Writing a novel in 30 days is an interesting experience, and I'm only on the third day (only having written for two days now), and I'm at 5900 words of my 50,000 word goal (over ten percent). My new novel is something completely different for me, as I'm writing a novel that involves Plato's Republic, and I'm doing a 21st century interpretation of the novel in an almost 1984-ish style of writing. The book is about a man who lives in a futuristic society (not that far from where we are today) where Plato was right, and everyone is placed in society by what metal is constituted in their blood (bronze, silver or gold). As the novel continues to be written, it starts to add little bits and pieces of its own that seem to want to be included, even though I've been free writing it for the most part. It's now starting to take serious form, and even as I was walking to work today, it was generating in my mind as new ideas kept coming to me, each one of them demanding to be part of the new novel.
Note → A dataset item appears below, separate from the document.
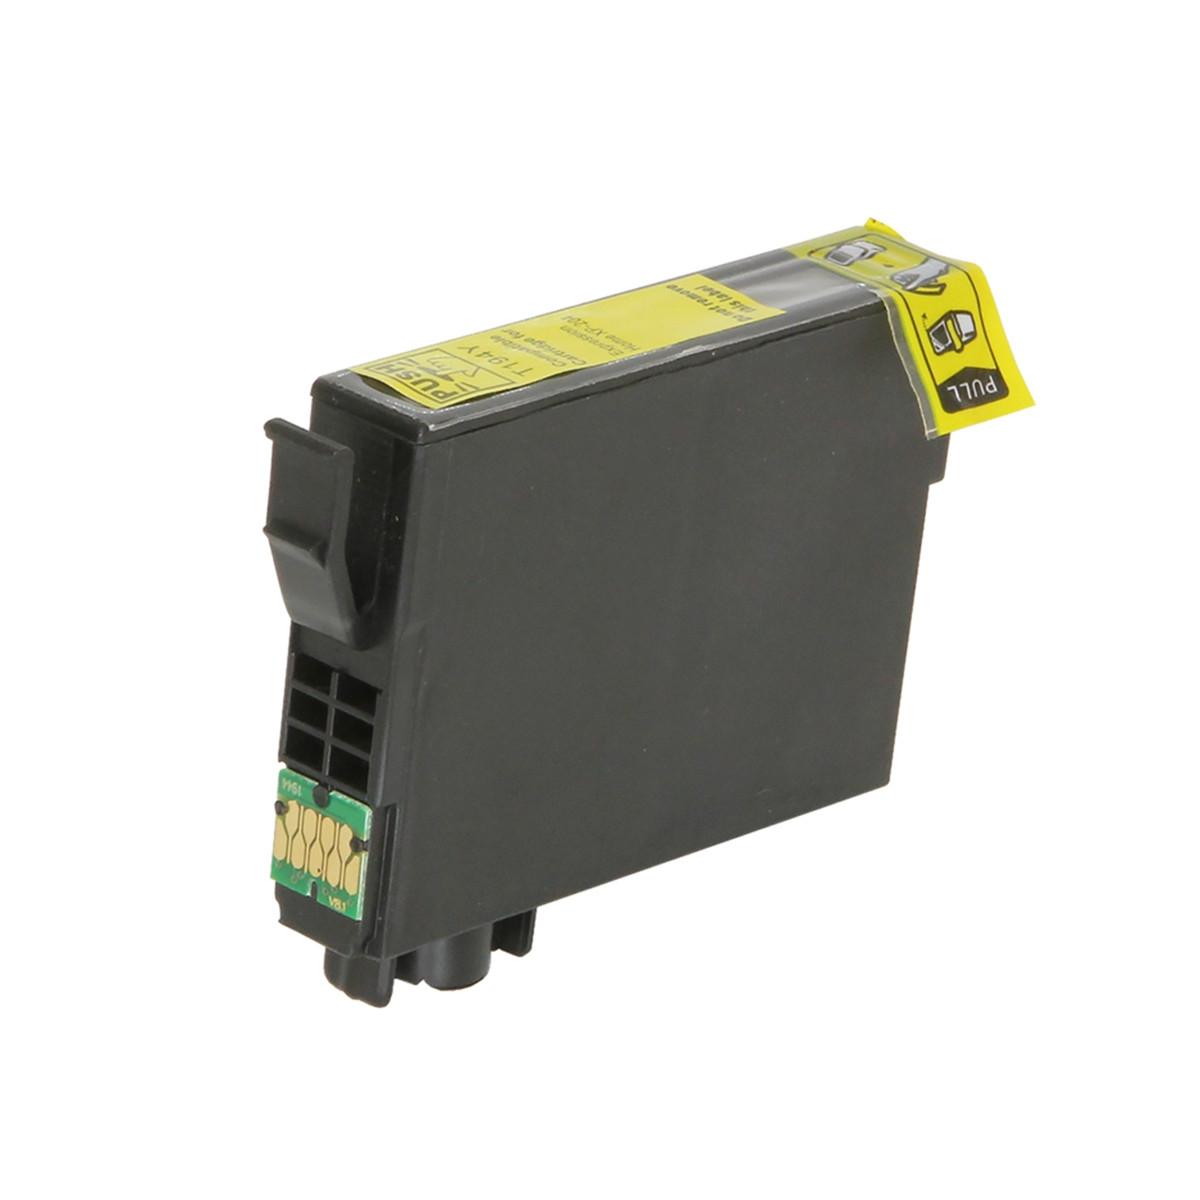 Cartucho de Tinta Compatível com Epson T194 T194420 T1944 Amarelo | XP214 XP 204 XP204 | 8ml
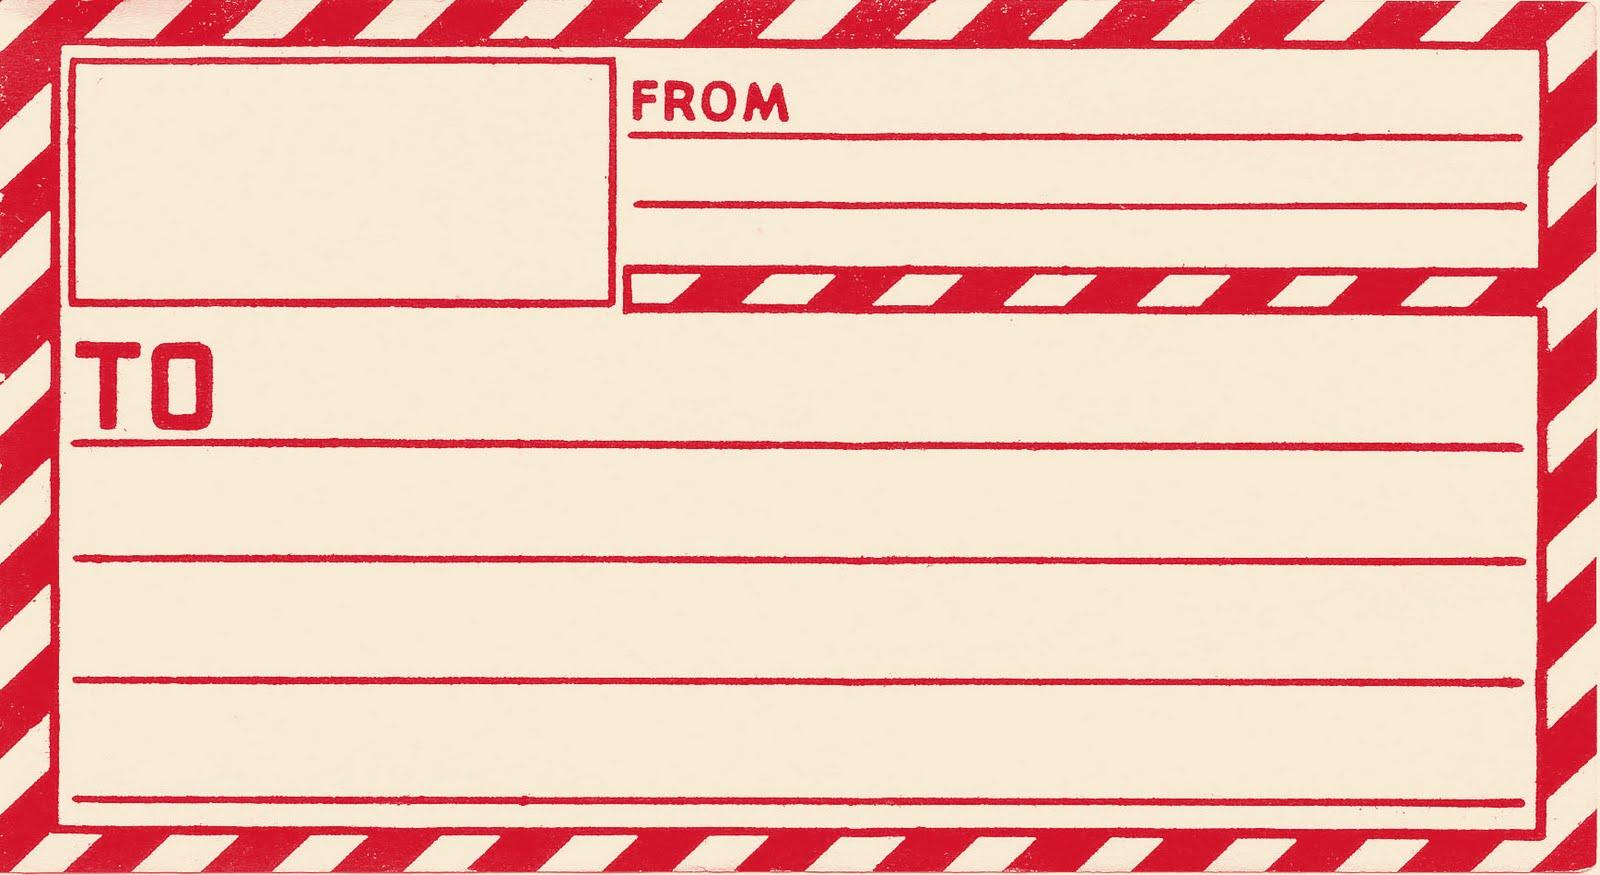 Vintage Gummed Parcel Post Shipping Labels | Worldlabel Blog

Only once have I ever attempted to write a novel fast. It was back when I was a counterintelligence agent in the Army, and I had two weeks off of work, so I wrote "Deadly Deceptions", which was titled "Whose Side Are You On?" when I first wrote it. I was very happy with the novel, and it took very little time to write (even fast than the NaNo contest of 30 days); I think it took me a week and a half, if I remember correctly. Most of the time, it takes me six months or so to write a novel ("The Ameriad" took nearly five years, but that was because it was written in spurts rather than all five years in a row).
So, I have to say that this is turning out to be quite the experience for me, although I do find myself resisting the need to write each night, and I have to keep fighting myself from doing something else. I guess that's part of the problem whenever anyone tackles a project like this.